[Dataset content — start]

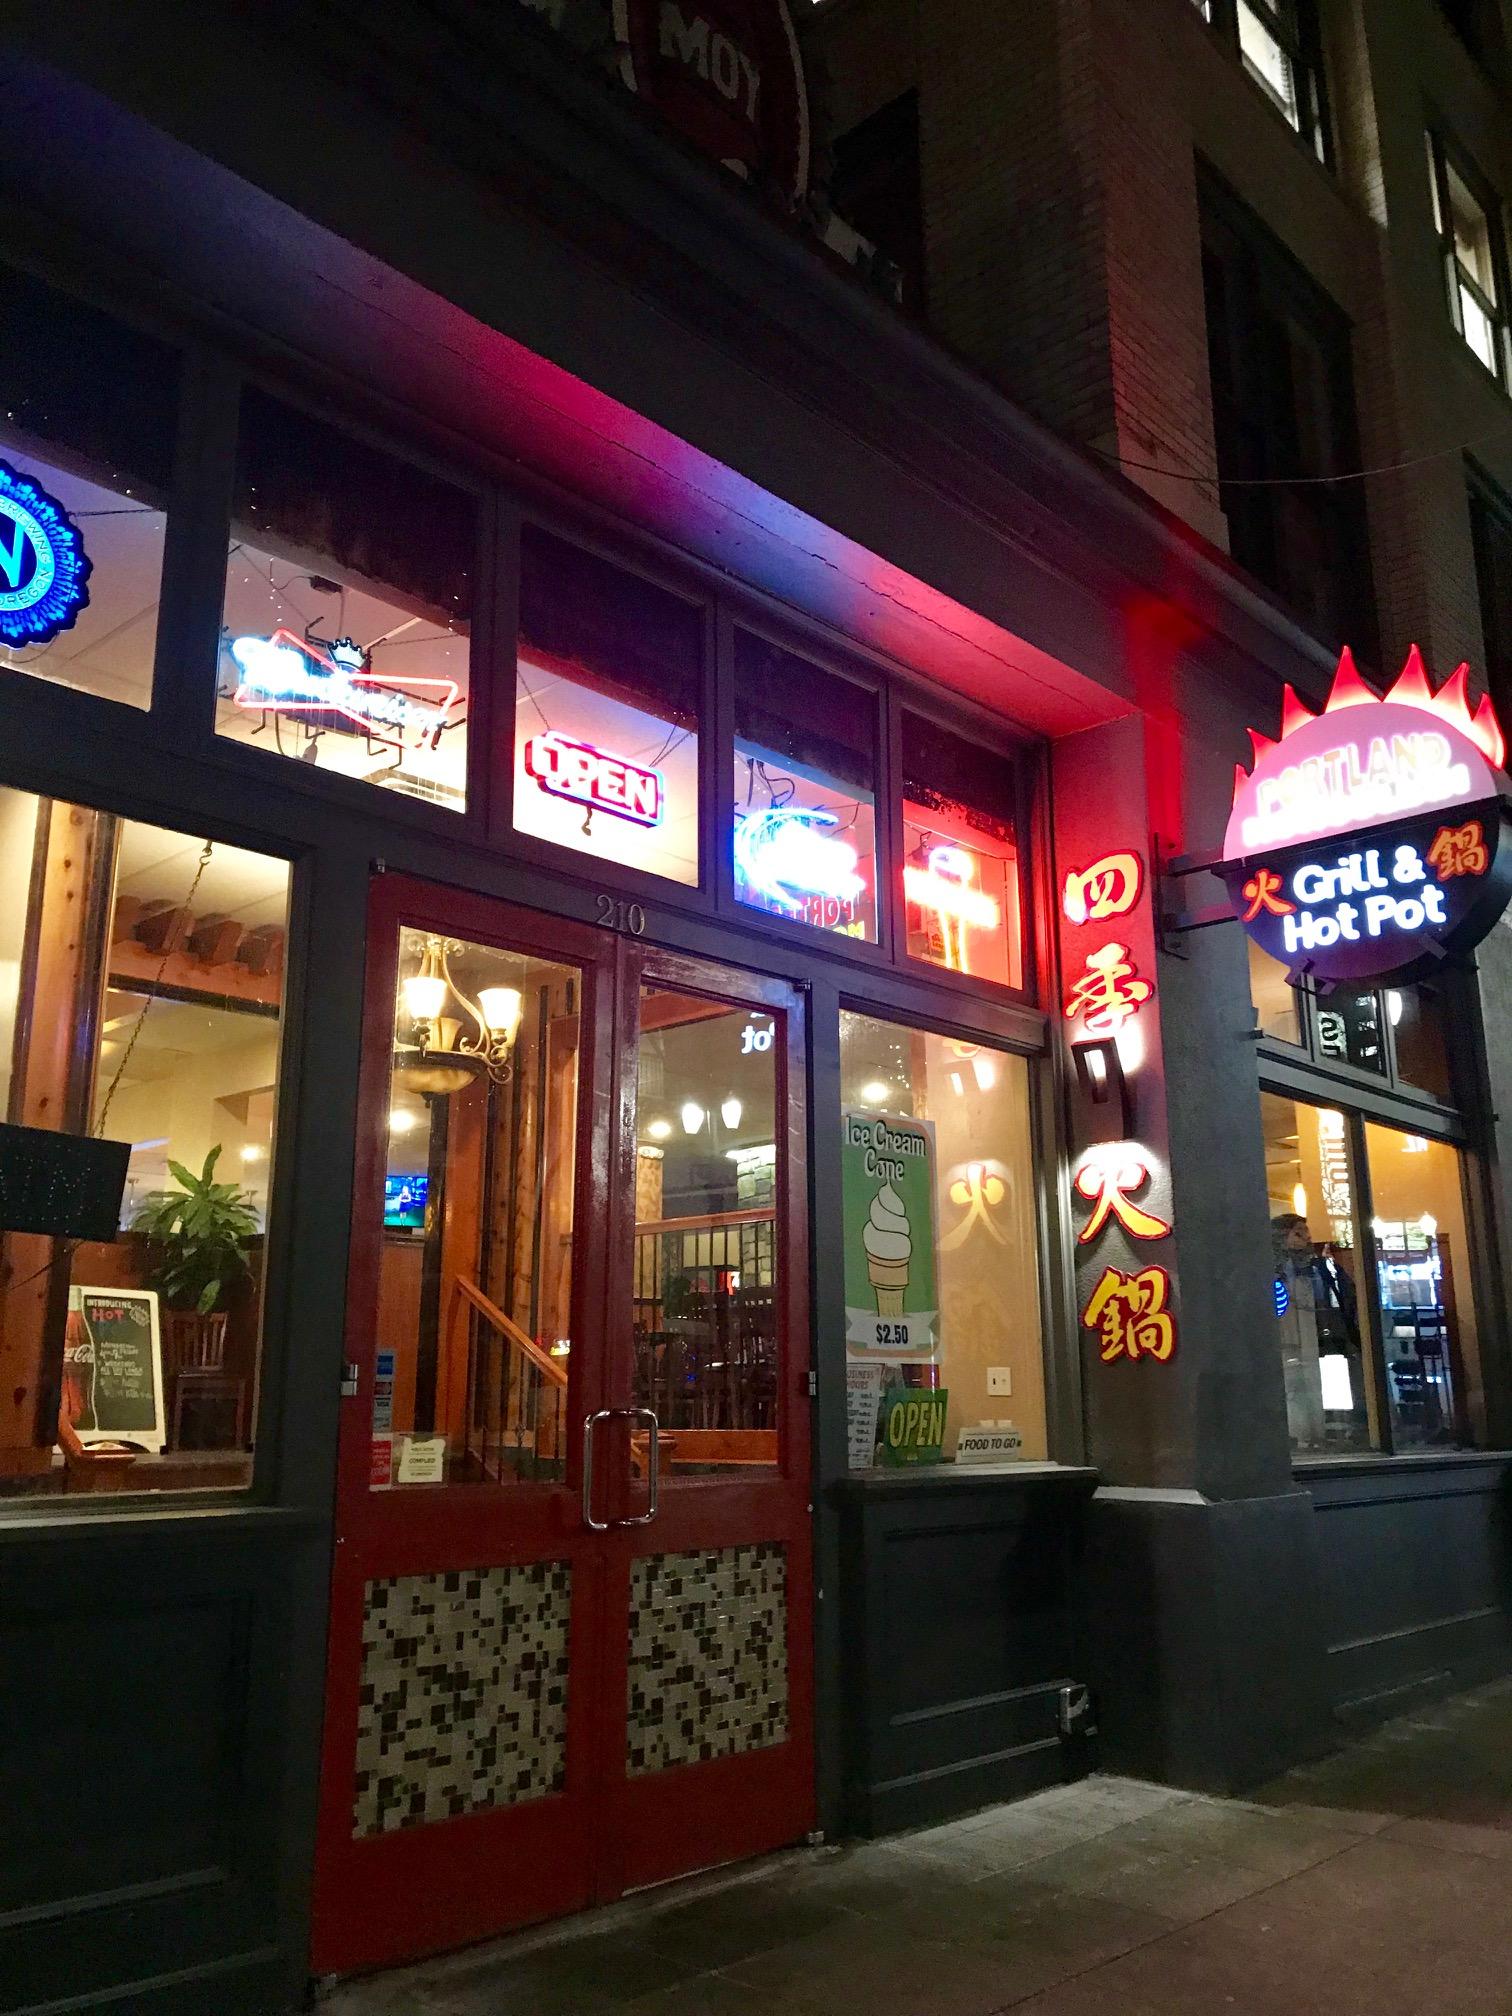 Portland Mongolian Grill and Hot Pot
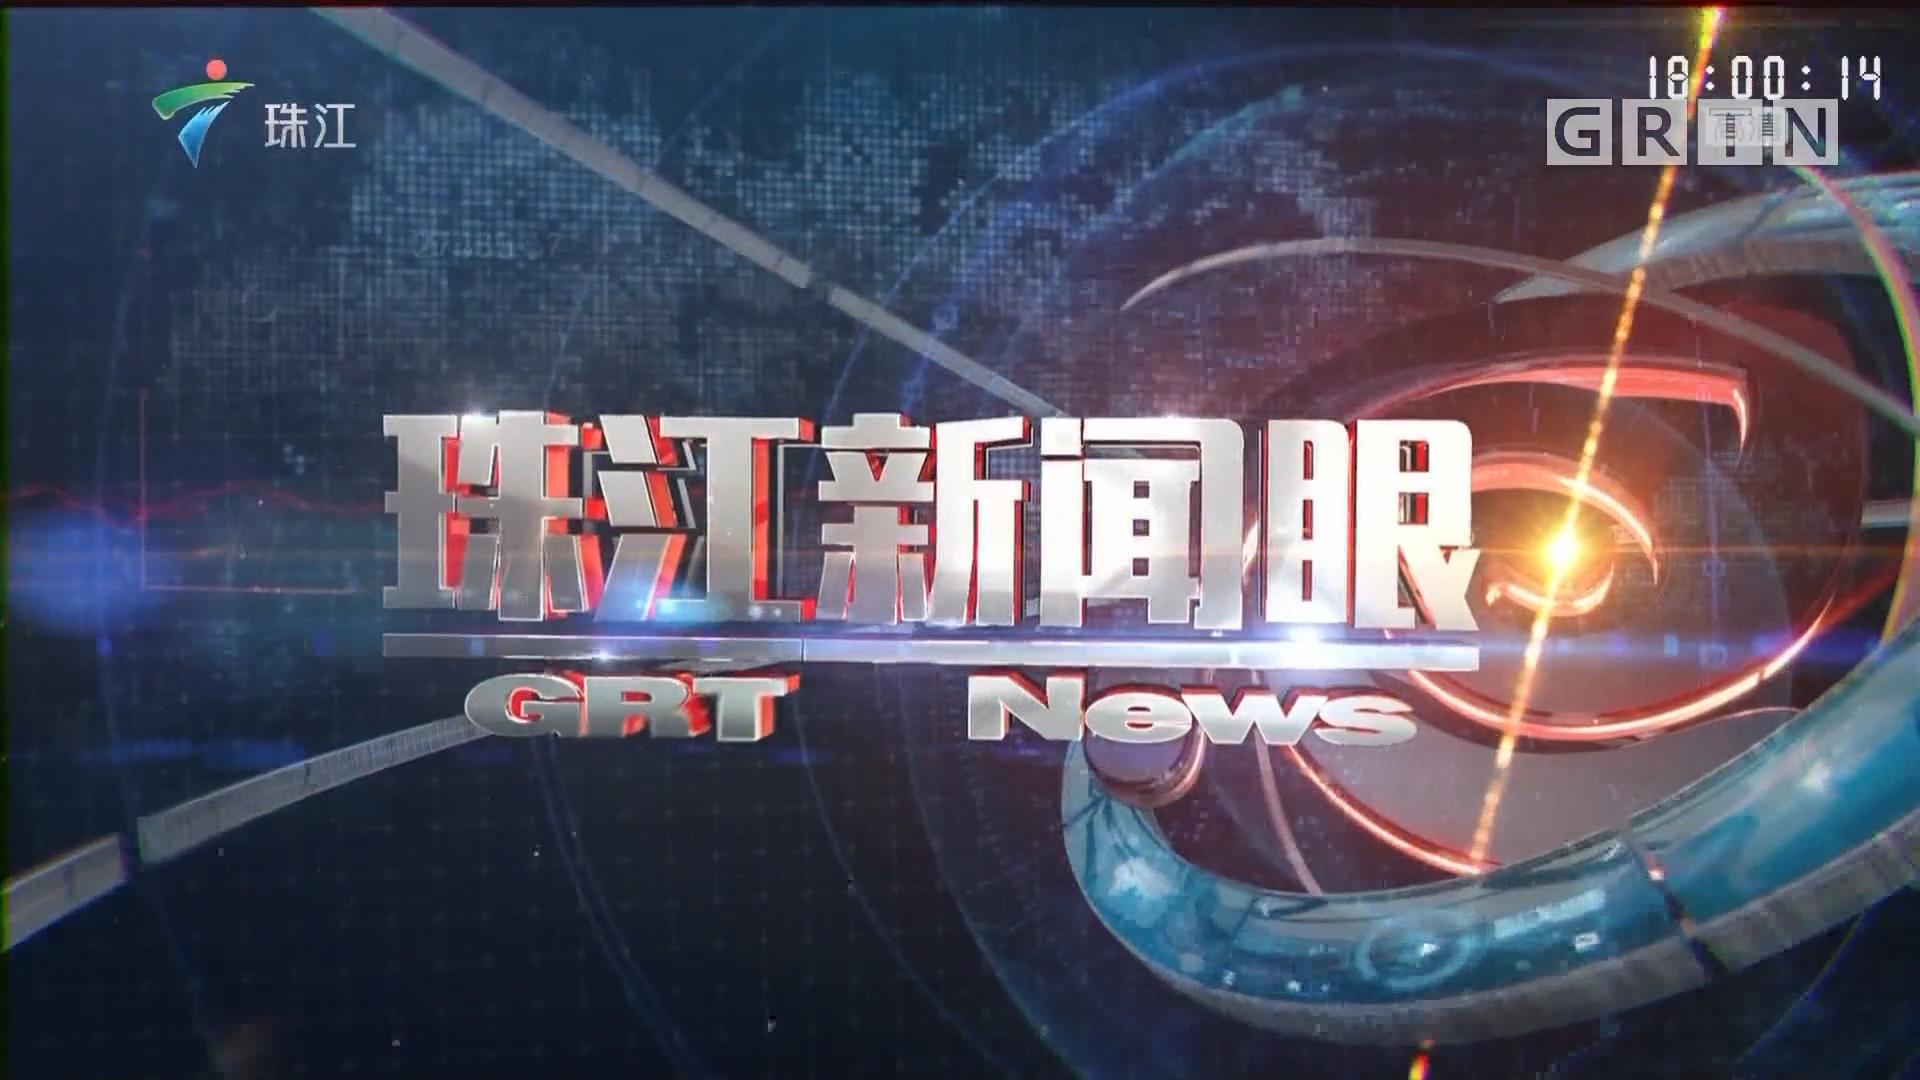 [HD][2019-04-18]珠江新闻眼:珠海:《方案》发布引关注 旅游业界摩拳擦掌
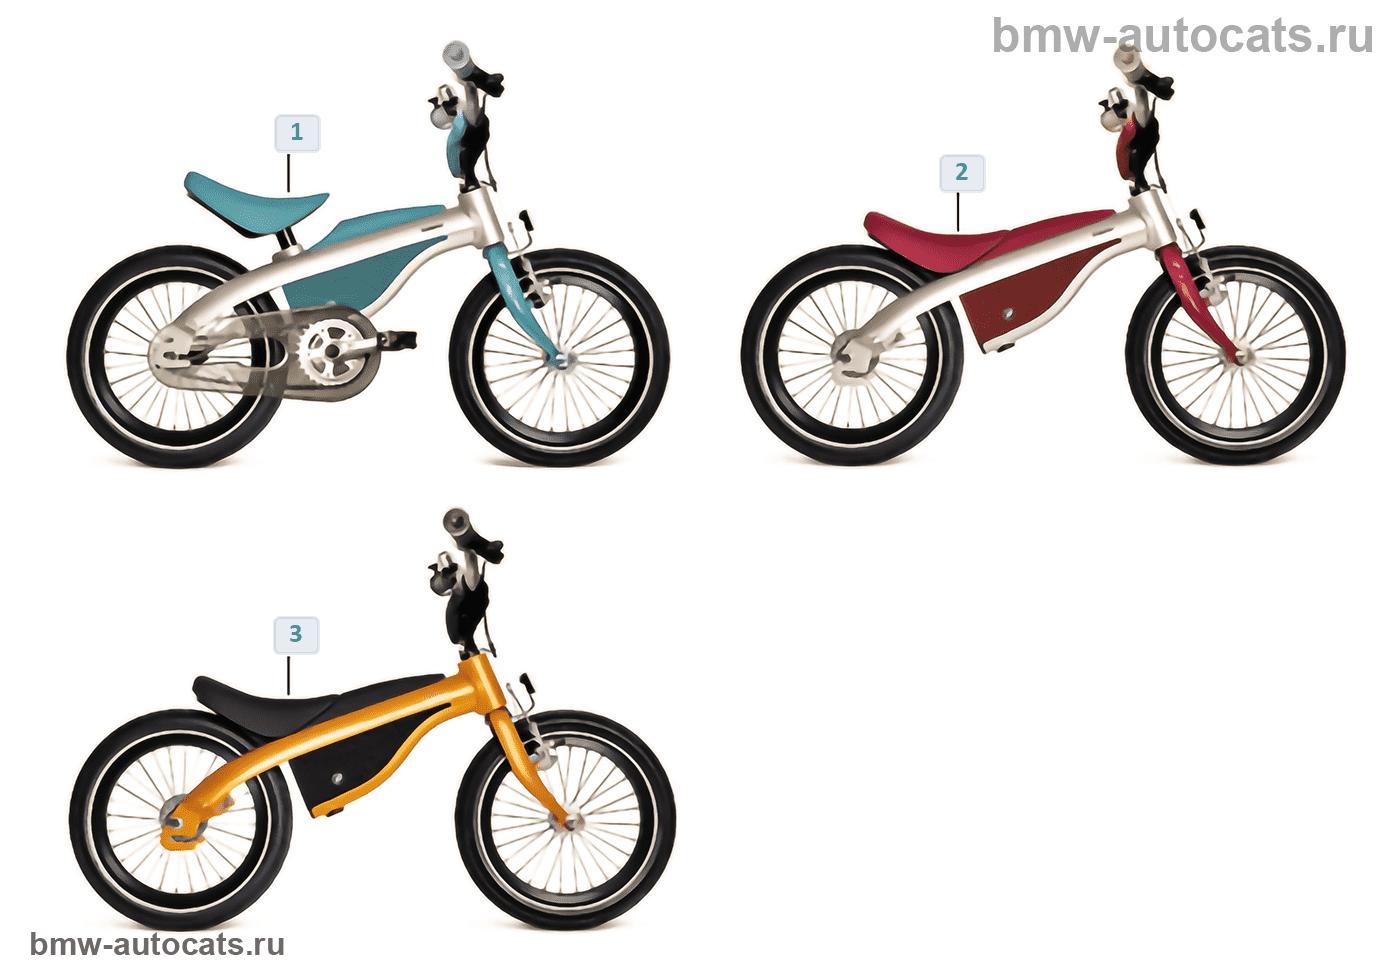 Детская прогр. BMW, Kids Bikes 13/14

[Dataset content — finish]

**Problem description:**
With the images omitted, return the full material exactly.

**Answer to this exercise:**
 Portland Mongolian Grill and Hot Pot
 [HD][2019-04-18]珠江新闻眼:珠海:《方案》发布引关注 旅游业界摩拳擦掌
 Детская прогр. BMW, Kids Bikes 13/14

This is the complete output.